Mut, Weitblick und Konsequenz – Innenminister Karner würdigte Neustrukturierung der Sicherheitsbehörden vor 10 Jahren

Wien (OTS) „Wir feiern heute zehn Jahre Behördenreform, die große Zusammenlegung der Sicherheitsdirektionen mit den Landespolizeikommanden und die Zusammenlegung von Polizei und Gendarmerie vor mehr als 17 Jahren“, sagte Innenminister Gerhard Karner anlässlich der Präsentation „10 Jahre Behördenreform“ am 1. September 2022 in der Wiener Herrengasse. Der Innenminister sagte: „Seit 2012 ist in der Struktur der Polizei und der Sicherheitsverwaltung kein Stein auf dem anderen geblieben – kaum eine andere Organisation trägt so viel Reformkraft in sich wie das BMI und seine nachgeordneten Organisationen und Behörden. “ Dies sei angesichts der neuen und großen Herausforderungen, mit denen der Sicherheitsapparat heute konfrontiert ist, notwendig, ergänzte Karner.

Zwtl.: Historische Verwaltungsreform, trotz vieler Herausforderungen

Nur mit Mut, Weitblick und Konsequenz könnten die wachsenden polizeilichen Aufgaben bewältigt werden, hob der Innenminister hervor. „Mut zu Neuem, Weitblick, um in die Zukunft zu sehen und die Konsequenz, auch umzusetzen, was man sich vorgenommen hat– mit einem klaren Ziel vor Augen“, sagte Karner und ergänzte, dass nicht der kleinste gemeinsame Nenner, sondern der größte gemeinsame Erfolg das Ziel sein müsse.

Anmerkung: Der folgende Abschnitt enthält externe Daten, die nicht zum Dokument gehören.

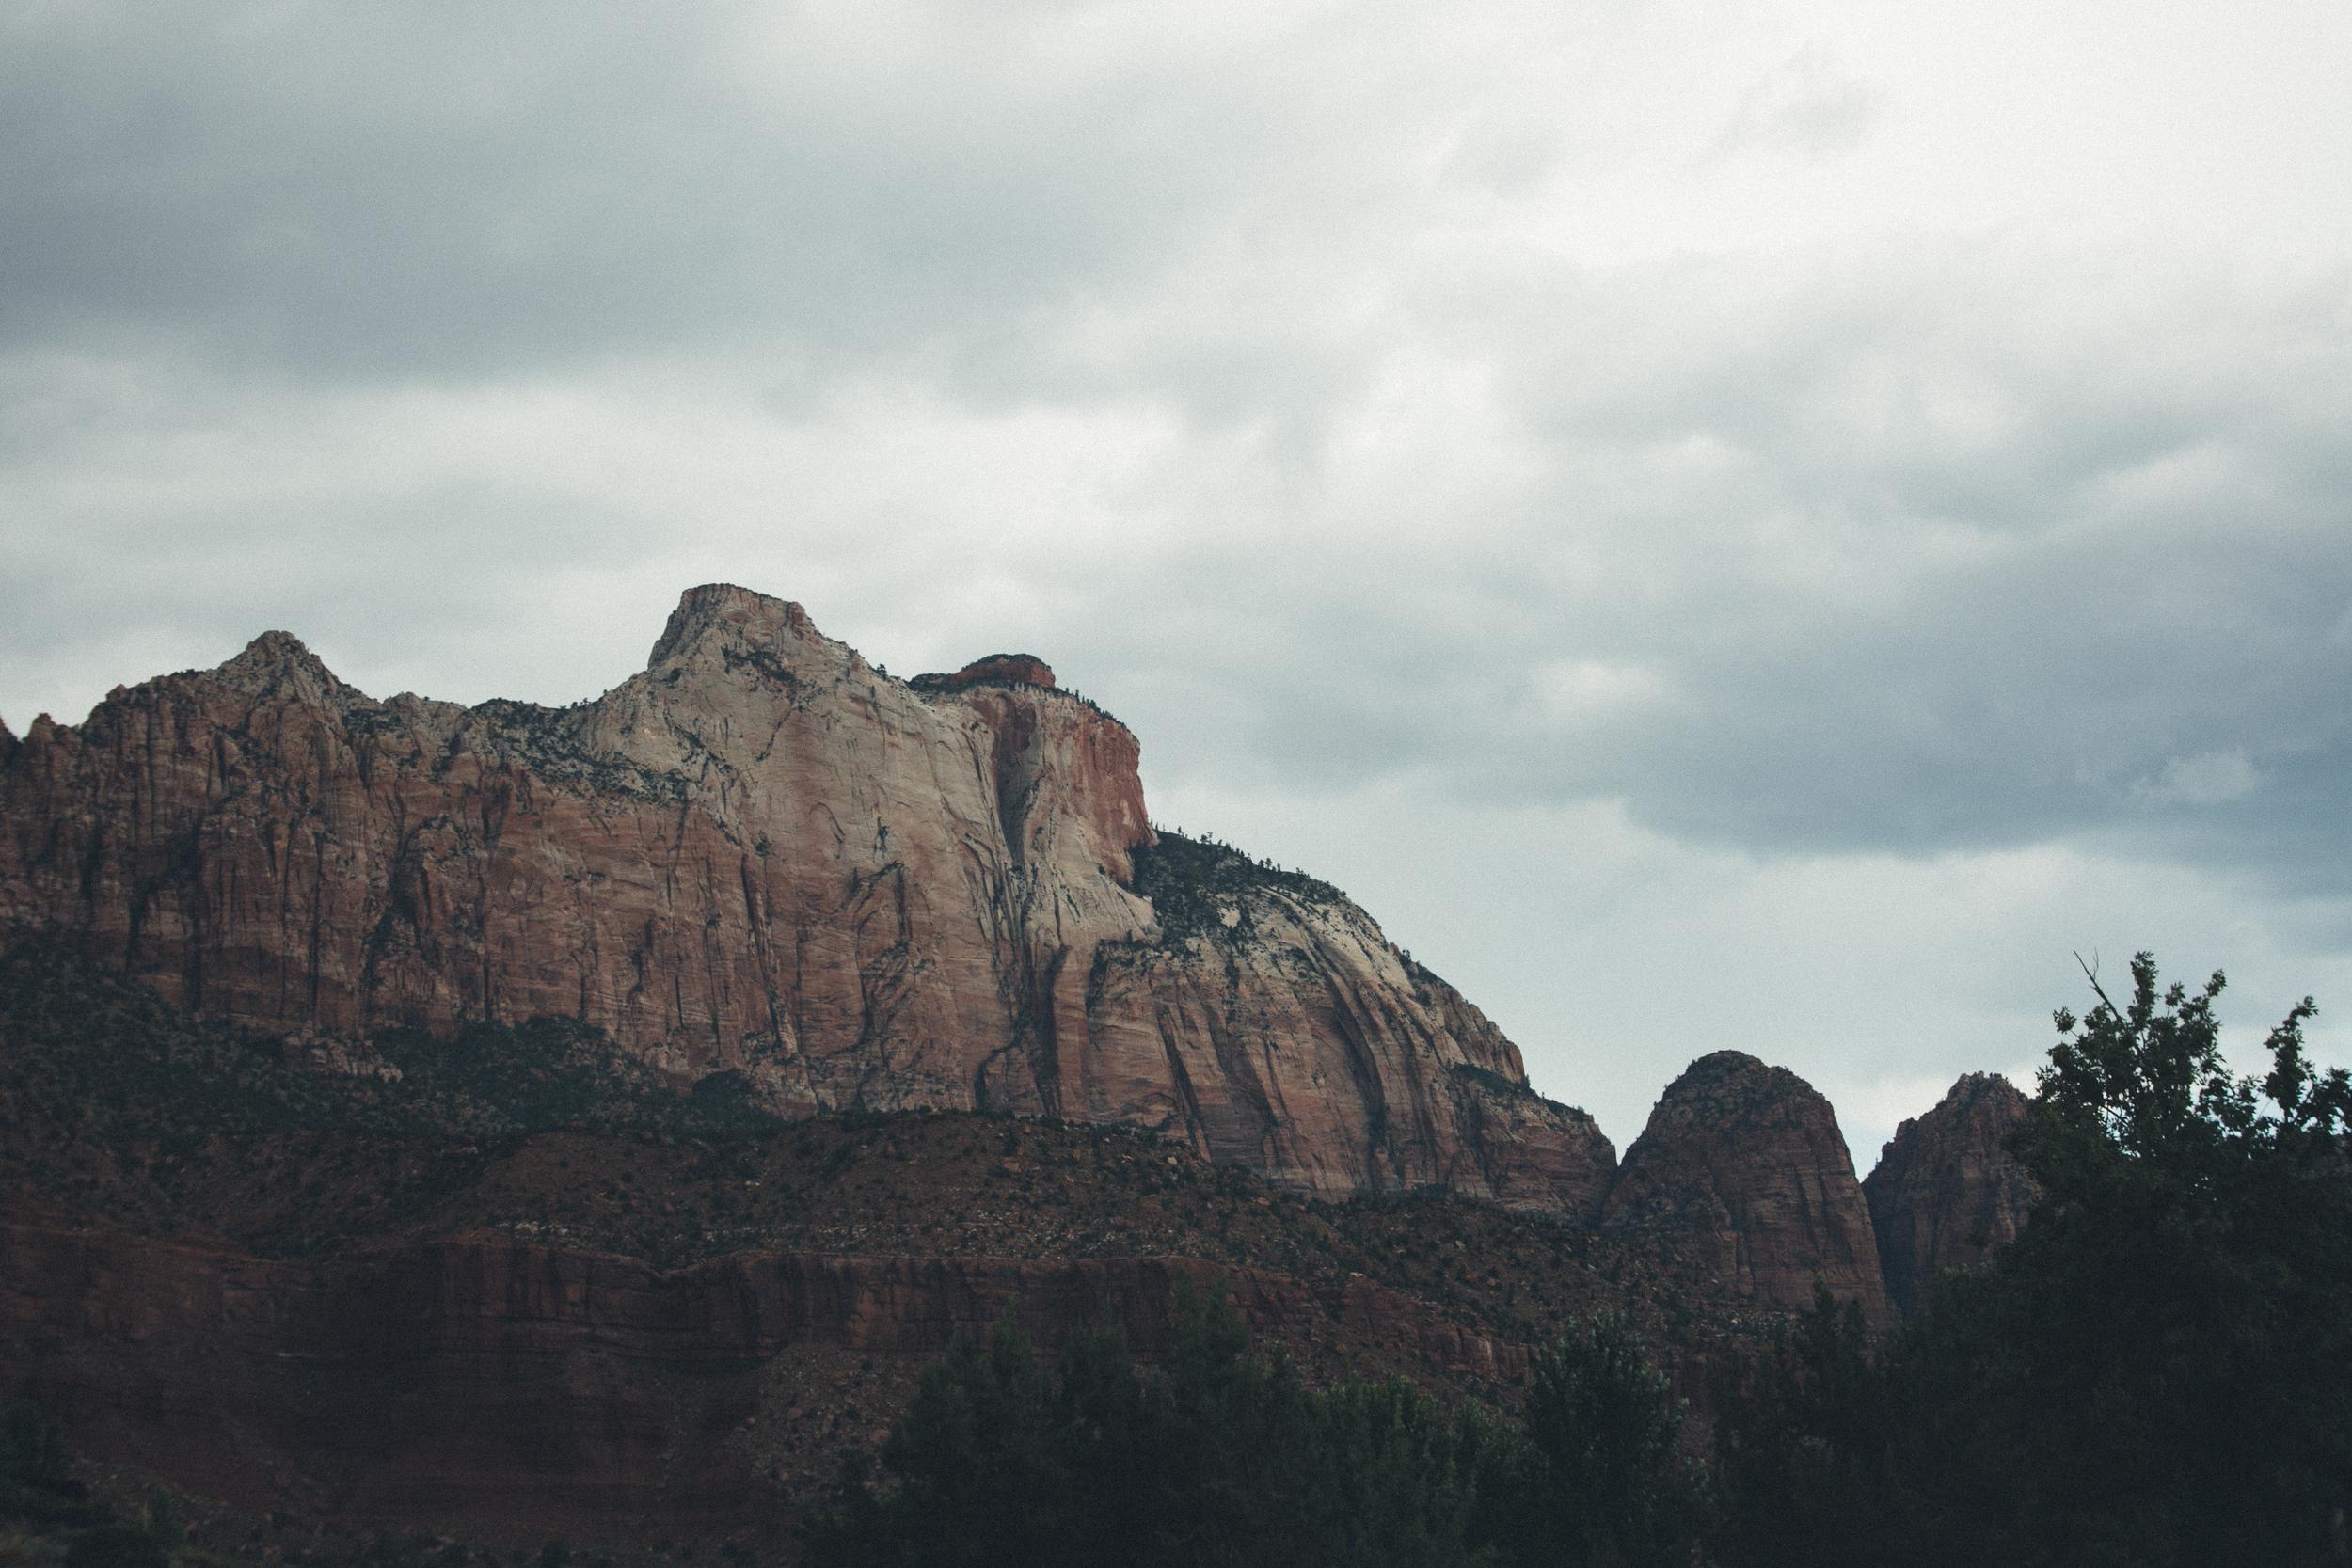 Majestic Zion National Park

Der Innenminister erinnerte: „Heute feiern wir diesen großen gemeinsamen Erfolg, weil mit der Verwaltungsreform etwas Historisches gelungen ist – begonnen vor zwanzig Jahren und vor zehn Jahren entscheidend weiterentwickelt.“ Karner appellierte, „offen für Neues zu sein und den Blick über den Tellerrand zu richten.“ Dies sei gerade in der jetzigen Situation und angesichts der Vielzahl an Herausforderungen, besonders wichtig.

„Die neue Einteilung der BMI-Zentralstelle muss mit Leben gefüllt werden und die Themen Personal, Rekrutierung, Aus- sowie Weiterbildung stärker in den Fokus gerückt werden“, betonte Karner, der in diesem Zusammenhang auf die bevorstehende Umsetzung des Staatsschutzrestrukturierung in den Bundesländern und die Kriminaldienst-Reform verwies. Das klare Ziel laute: „Gemeinsam mit allen Mitarbeiterinnen und Mitarbeitern das Beste für die Organisation, aber vor allem das Beste für die Sicherheit der Menschen in unserem Land zu tun.“

Wesentliche Reformschritte in der österreichischen Sicherheitsstruktur

01. Juli 2005 – Zusammenlegung von Polizei, Gendarmerie und Kriminalbeamtenkorps
01. September 2012 – Zusammenlegung der Sicherheitsdirektionen, Landespolizeikommanden und Polizeidirektionen zu den Landespolizeidirektionen
01. Dezember 2021 – Etablierung der Direktion Staatsschutz und Nachrichtendienst
01. Juli 2022 – Neustrukturierung im Bundesministerium für Inneres (unter anderem Etablierung der Bundespolizeidirektion innerhalb der Generaldirektion für öffentliche Sicherheit)

Gegenwärtig sind eine Reform des Kriminaldienstes, sowie eine Restrukturierung des Staatsschutzes in den Bundesländern im Laufen.